There are multiple things bothering me:
Issue 1) The noise is clearly correlated from sample to sample. This is problematic because most filters (including the Kalman filter) are designed to remove uncorrelated Gaussian noise, and that's not what we're dealing with. In the case of the 2.1 pascal regime, noise went down to 1.84 and 1.50 pascal when averaging by 2 and 4 respectively, but it should have gone down to 1.51 and 1,02. In the case of the 1.4 pascal regime it went down to 1.12 and .785 pascal when it should have gone down to 1.02 and ,72 pascal. Based on this, I'd say that the true "noise" in the sensor is closer to 1.2-1.3 pascal and that's the best you're going to get out of it.
I tried averaging n number of samples, and then taking the standard deviation and multiply by n^.5 and got:
1: 1.4394 (un-averaged) 2: 1.5866 3: 1.5054 4: 1.5717 5: 1.3844 6: 1.5097 7: 1.4335 8: 1.4299 9: 1.3742 10: 1.34 11:1.3664 12: 1.3957 13: 1.3663
If the noise were un-correlated, we'd expect the numbers to stay roughly constant (note that as the averaging increases, the number of samples decreases, so this is likely to cause the standard deviation to increase slightly, but I have a lot of data so this shouldn't be too prominent). Are there multiple periodicities?

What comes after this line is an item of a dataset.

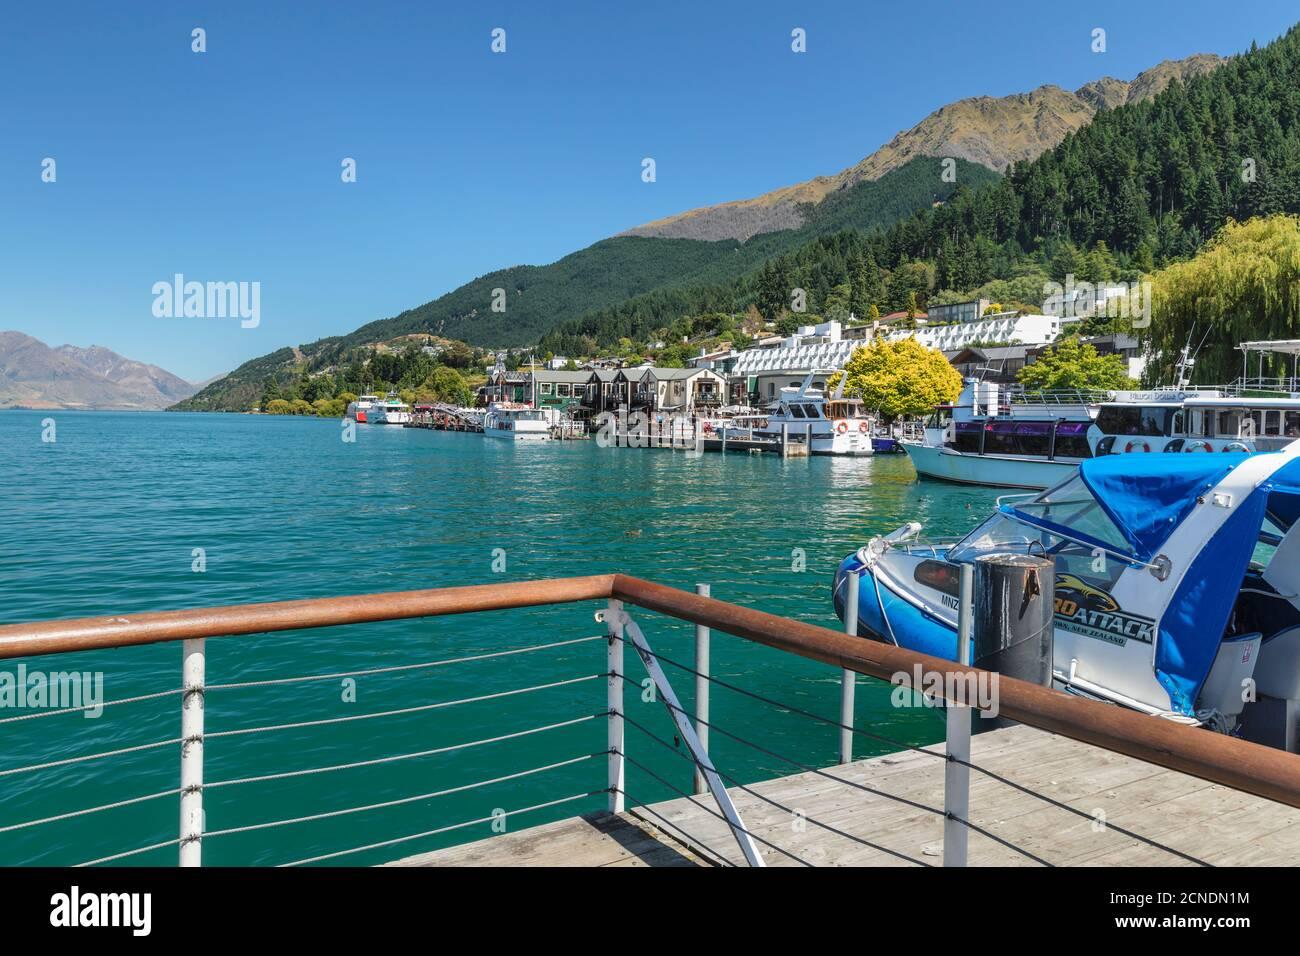 Queenstown, Lac Wakatipu, Otago, Île du Sud, Nouvelle-Zélande, Pacifique Banque D'Images

I took an FFT of the data... and all I can say is WOW!
Noise is 100% white with two exceptions...
Exception 1) There are huge noise spikes at certain frequencies. They were present in ALL recorded MS5611 data, no matter how I sampled. I'd estimate its showing up at 1/10th the sampling rate and every harmonic up to Nyquist. I'm not sure if its aliasing beyond the Nyquist. I'm a little suspicious that this is related to reading the temperature. I am going to try adjusting the sampling rate and how often the temperature is read.
Exception 2) Near the Nyquist rate, noise noticeably increases. The noise increase is more prominent when sampling faster, meaning that sampling faster in order to reduce noise may be counter productive. I'm not convinced of this though. When I compare the spectrum of the TE (1.4267) to the static (2.1465) in variant #2. It appears the ONLY difference is the magnitude of the periodic noise spikes. The rest of the spectrum might actually be quieter in the static than the TE.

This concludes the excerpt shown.